[Холодный зимний вечер]
Марко Вовчок
1
Холодный зимний вечер. На темном небе мириады сверкающих звезд.
Хатние окошечки в селе Батурки чуть светятся сквозь узорчатый морозный налет. Ущербленный месяц слабо озаряет извилистые улицы, ряды белых хат, запушенные инеем садики, нити прихотливо проторенных тропочек, поблескивающие следы санных полозьев.
Мороз крепчает. Тихо. Время от времени гулко раздается стук захлопнутой двери или спешные шаги по скрипучему снегу и снова безмолвие и тишина.
При свете шипящей лампочки под зеленым колпаком Аврум Подольский, батурский мужской и дамский портной, отделывает щегольскую синюю корсетку. Мигающий свет падает на его курчавую, седеющую голову и на тощие проворные руки, быстро собирающие красную тесьму в правильные складочки. Остальное хатное пространство в тени и только освоившись с полумраком можно разглядеть, что хата не тесная и когда-то была не из плохих (еще и теперь Аврум за нее платит два рубля в год), но все разрушающее время взяло свое; стены осели, окошечки и двери покосились, печь угрожающе скособочилась, и непривычному глазу могло казаться, что вот-вот она рухнет и погребет под собой незатейливую хозяйственную утварь, занимавшую место на припечке.

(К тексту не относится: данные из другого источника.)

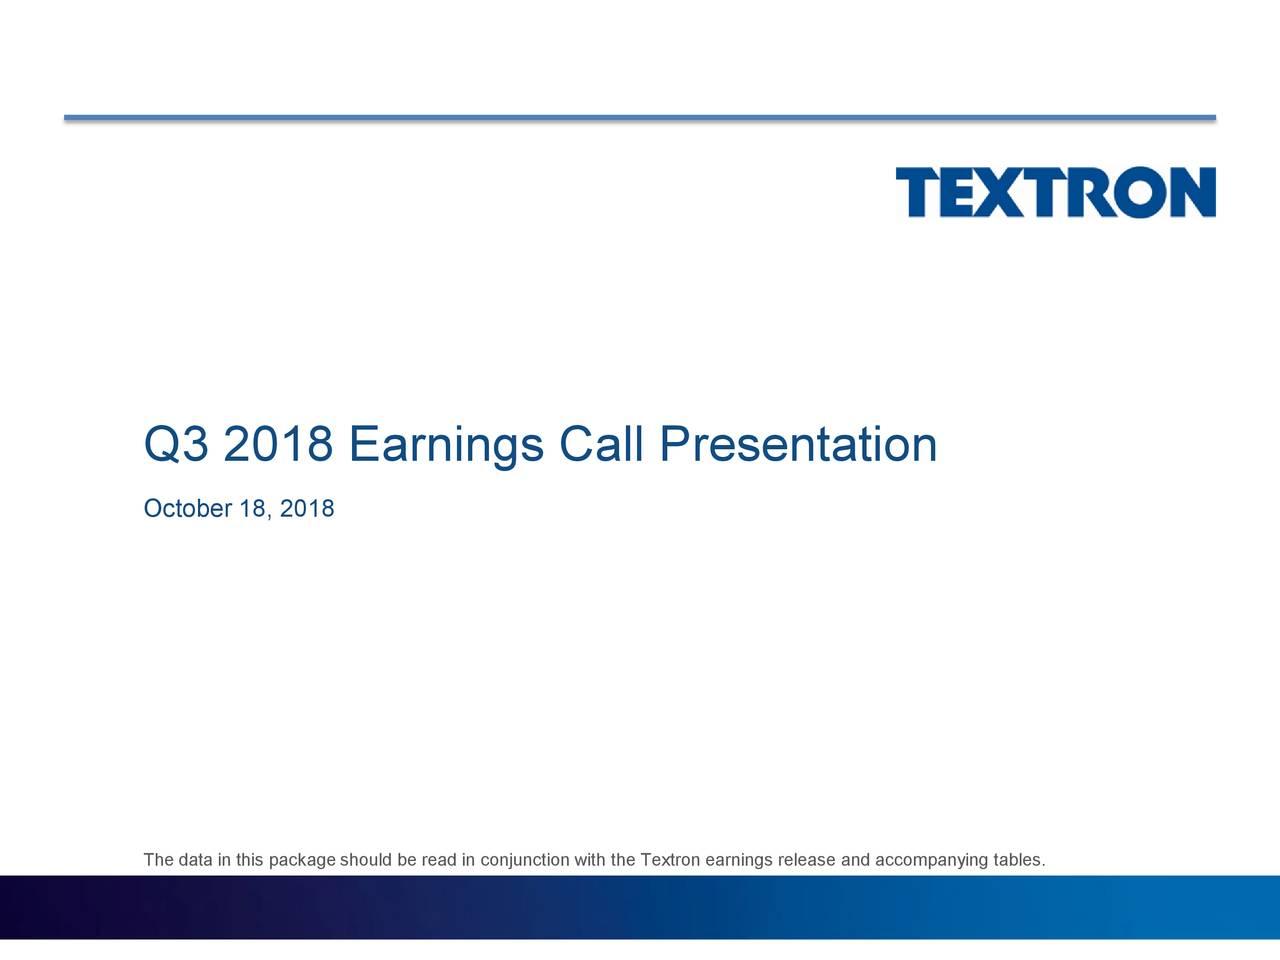 Q3 2018 Earnings Call Presentation
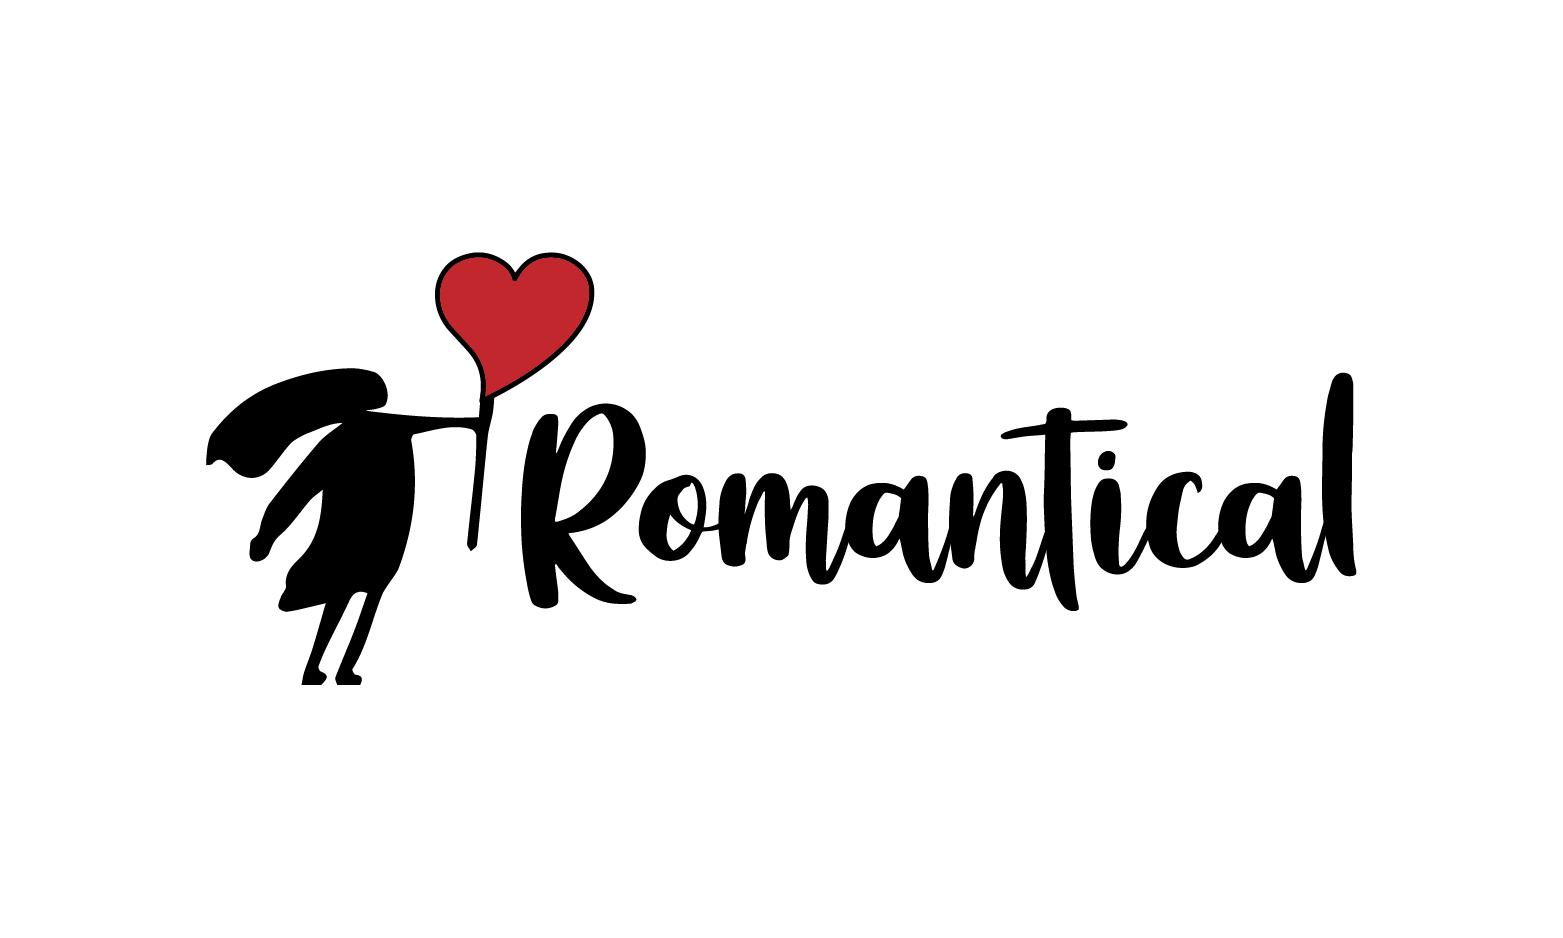 Romantical.ly

В противоположном углу <от рабочего столика> на высокой кровати не то спит, не то лежит в забытьи больная Аврумова жена Рифка. Рядом с кроватью висит люлька, где покоится «благодать божья», наследник Аврума младенец Гейнах. Около люльки, на скамеечке поближе к свету, помещается Аврумова дочка Этля, одна оставшаяся в живых из его пятерых старших детей, кудрявая хрупкая девочка. Она вяжет крохотный малиновый чулочек и вместе с тем покачивает худеньким плечиком люльку.
Тишина нарушается только шипеньем и потрескиваньем лампочки на рабоч[ем] столе да время от времени стоном больной.
– Аврум!
Больная очнулась и повернула к свету лицо – осунувшееся, белое, как мел, лицо, на котором лихорадочно горели глубоко запавшие черные глаза. Аврум встрепенулся. Этля обернула кудрявую головку к матери.
– Что, Рифка?
– Оттуда далеко до Богатырки? – Он без пояснения понял – откуда, поняла и Этля – ответил:
– Не близко… Богатырка в другой губернии.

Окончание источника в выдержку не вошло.